A Political Rift Threatens
More broadly speaking, liberalizing birth control could lead to a radically different political landscape for women. From the beginning of the contraception mandate debate, the Left has held that American women are helpless and desperate creatures withering under the birth-control-denying patriarchy for the entirety of their lives, forced to have 12 to 15 children, scrub the kitchen floors, submit to their husbands at all times, and remain slaves to their own awful biology throughout their childbearing years. Their saving grace would be found in state-mandated insurance coverage of oral contraception, without which women would be catapulted back to the 1950s and re-enslaved barefoot in the kitchen.
Democrats wanted us to believe that, without Obamacare’s birth-control provision, women were better off dead. If contraception were made widely available, easily accessible, and even cheaper than it already is, this false narrative would be rendered even more absurd than it was—which could easily lead to women seeing much of the Democratic Party for the bad joke it’s become. The Left wants women to be dependent upon progressive leadership; it could not afford to lose the influence and the votes of so much of the body politic if the “War on Women” sham were to be dealt so serious a blow as GOP-supported over-the-counter birth control.
This is political clarity in all its uncomfortable glory: Progressives, so long the self-appointed champions of women’s advancement, have now pledged themselves to hold women back in order to advance their own shallow goals.
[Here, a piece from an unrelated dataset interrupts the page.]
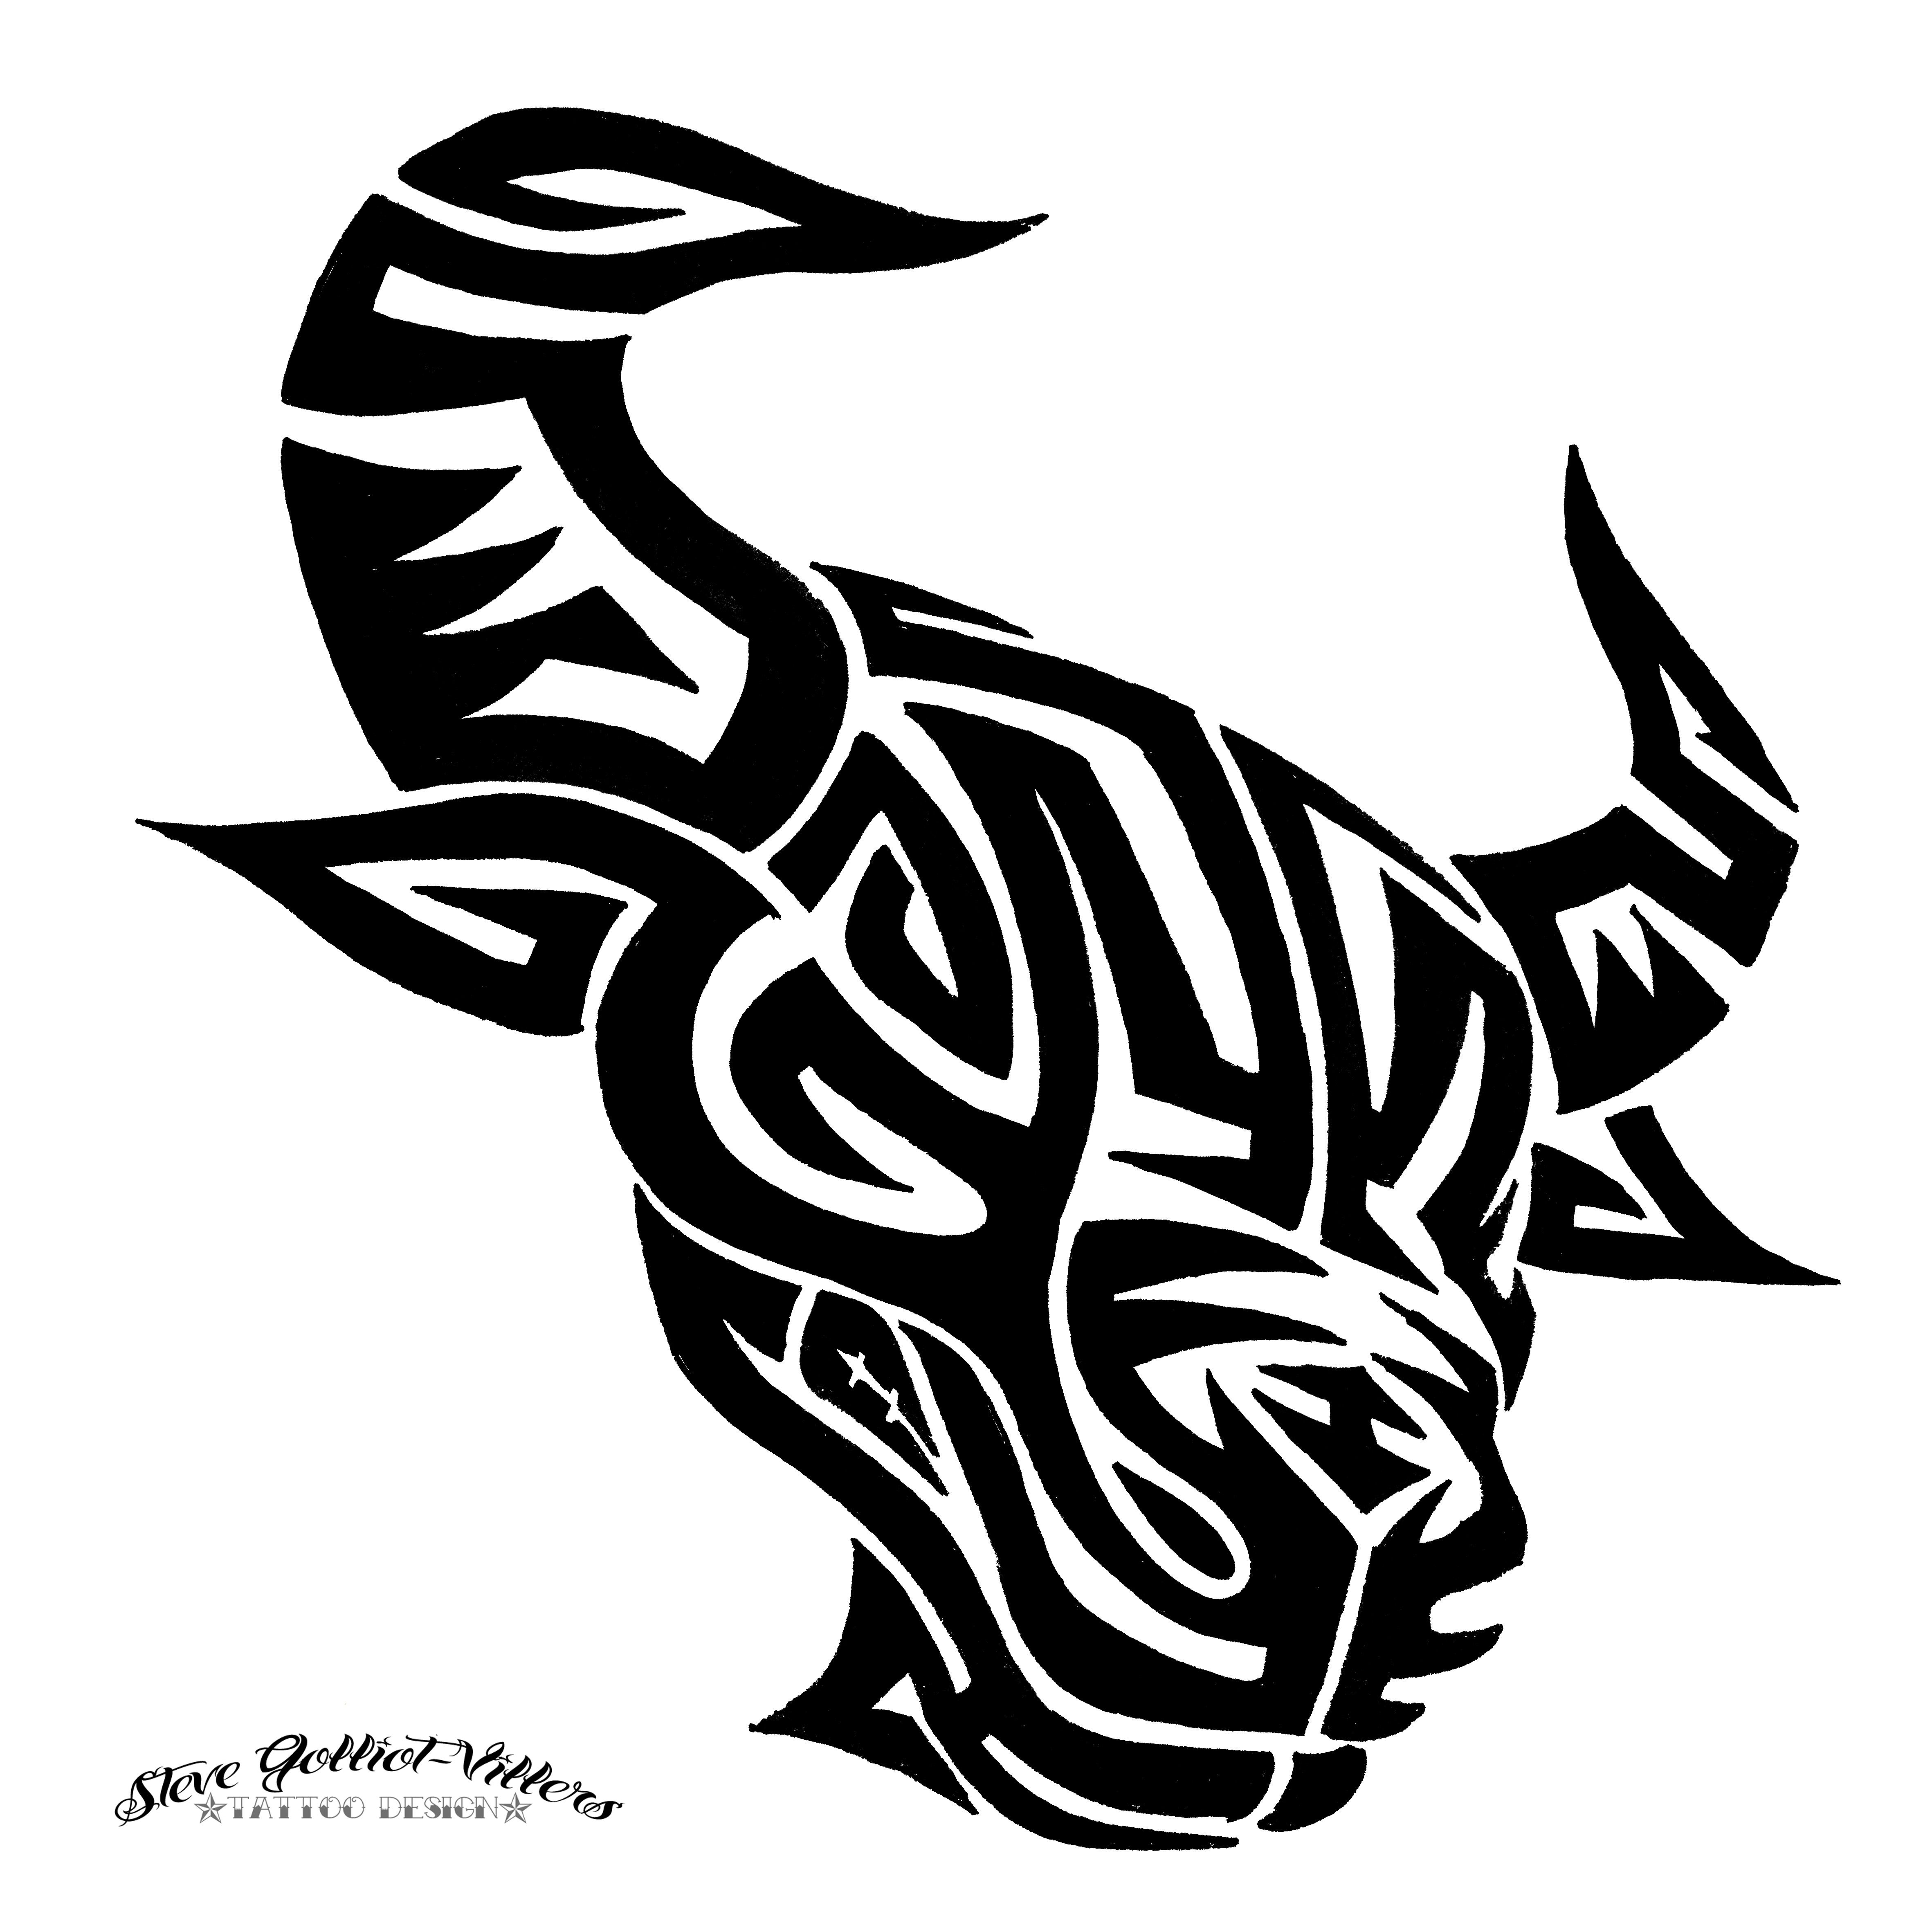 042d3395e bull tribal tattoos - Google Search | Stencils and Tattoos | Bull ...

It is both awkward and immensely helpful, from time to time, to see certain people for who they really are, and to divine their true motivations.
We can head into election season expecting the Progressive elite to adopt an altogether baffling set of talking points: Republicans wish to hold women back by trusting them to make their own medical decisions, while Democrats want to set women free by forcing them to see a doctor in order to obtain a widely-used pharmaceutical. It will make for an interesting November. The “War on Women” may be false, but it’s at least clear the Left is perfectly happy to use women as collateral in their own shallow and narcissistic battles.